The first large-scale linkage study with sufficient statistical power to detect loci with effects similar to that of the MHC across the genome in populations from Australia, Scandinavia, the United Kingdom, and the United States identified a definite association between the MHC and MS susceptibility (Figure 5.3) (62). However, other loci whose associations with MS had been proposed from smaller studies were not replicated. This study was an important milestone in the study of MS genetics because for the first time, an adequate number of markers and MS-affected families were brought together through an international collaborative effort. Furthermore, the markers used were sufficiently numerous and evenly spaced across the genome that there was confidence that the majority of the genome was adequately represented for linkage analysis. Perhaps most importantly, 730 families were studied, thus providing adequate power to detect genetic effects that increased the odds of MS risk by more than twofold.

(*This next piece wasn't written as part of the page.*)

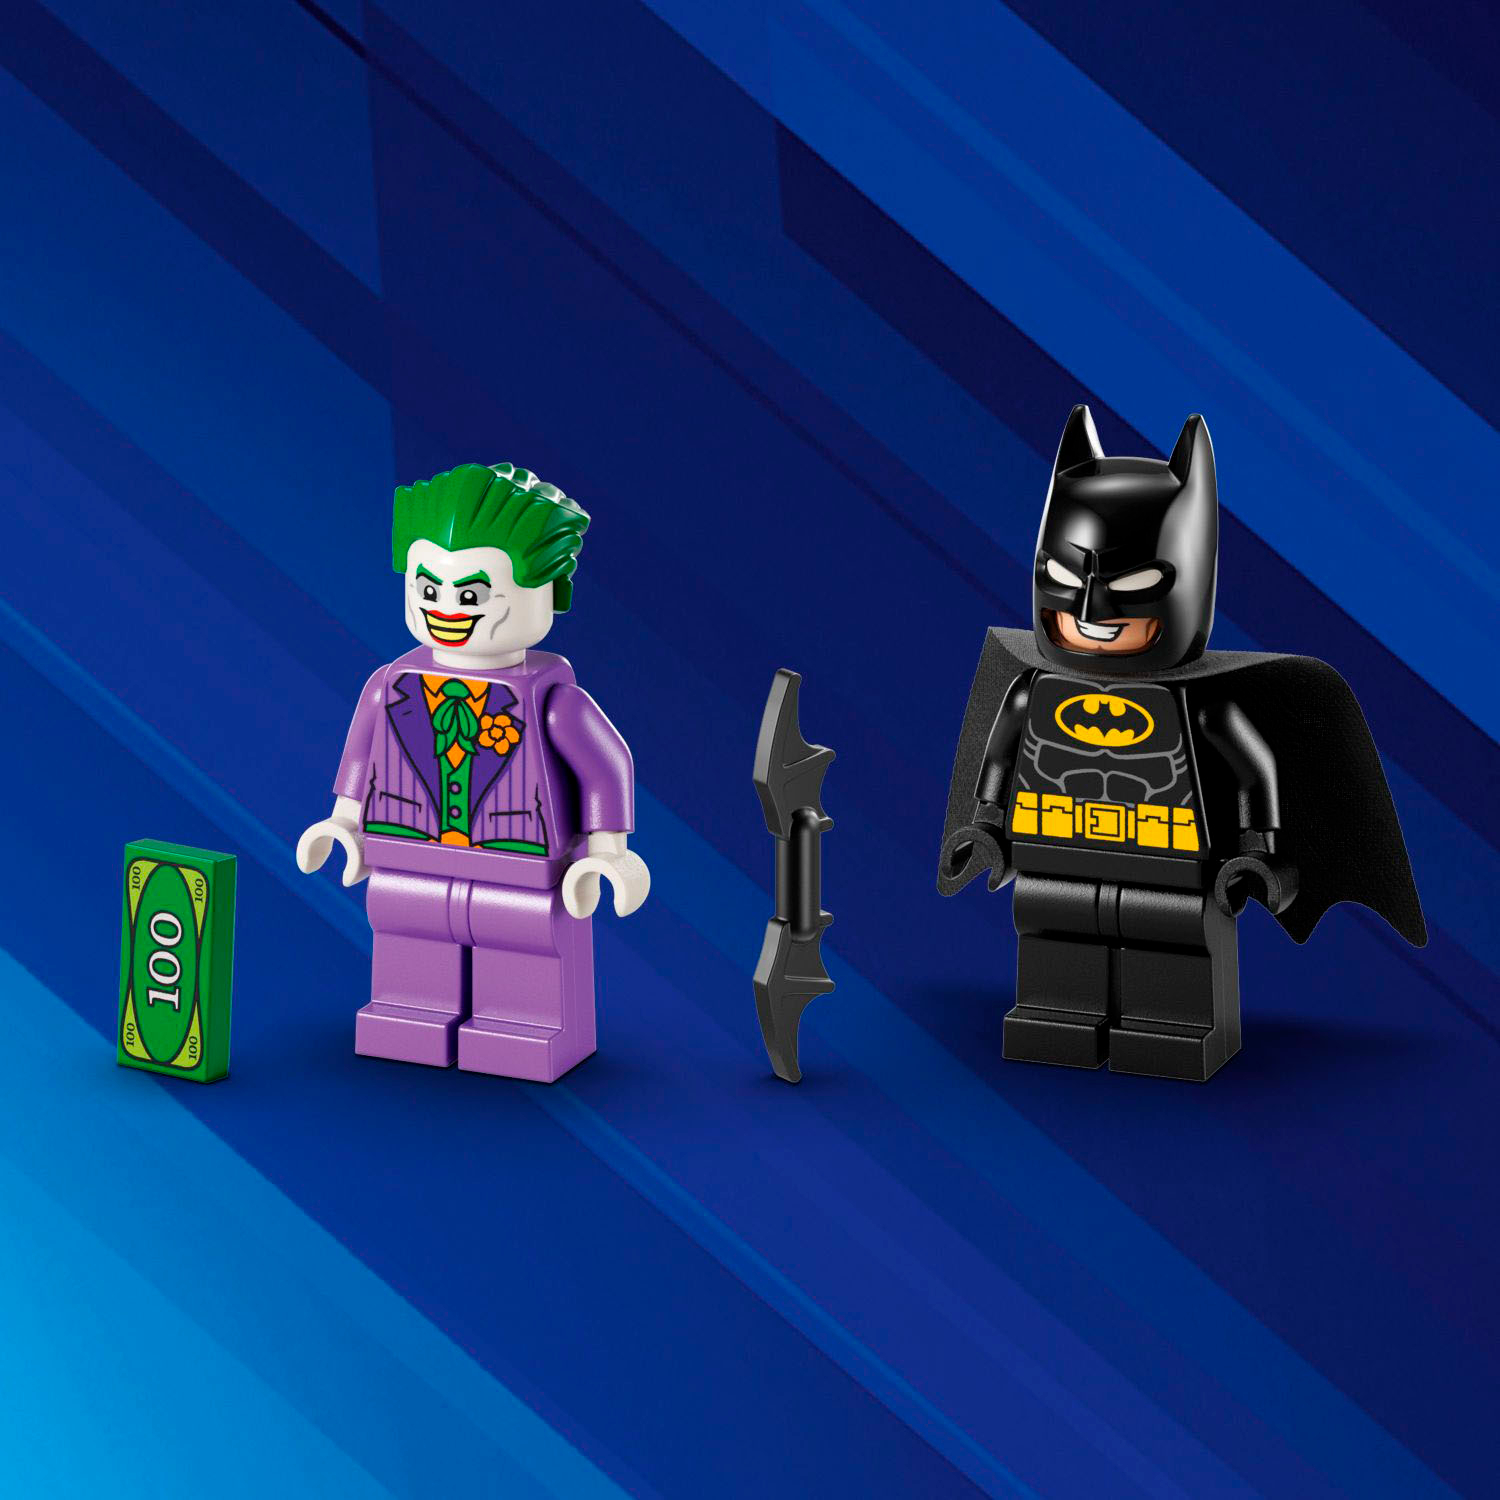 LEGO DC Super Heroes App-Controlled Batmobile 76112 6212585 - Best Buy

Only MHC was found to increase risk of MS, which indicated that other possible loci that might influence MS risk must have more modest individual effects. Identification of such loci was effectively not possible using linkage analysis unless tens of thousands of families were analyzed. (63) This inherent limitation of linkage methodology potentially could be overcome by a different approach genetic analysis: the genome-wide association screen (GWAS).
32
MS, multiple sclerosis.
Source: From Sawcer S, Ban M, Maranian M, et al. A high-density screen for linkage in multiple sclerosis. Am J Hum Genet. 2005;77(3):454–467.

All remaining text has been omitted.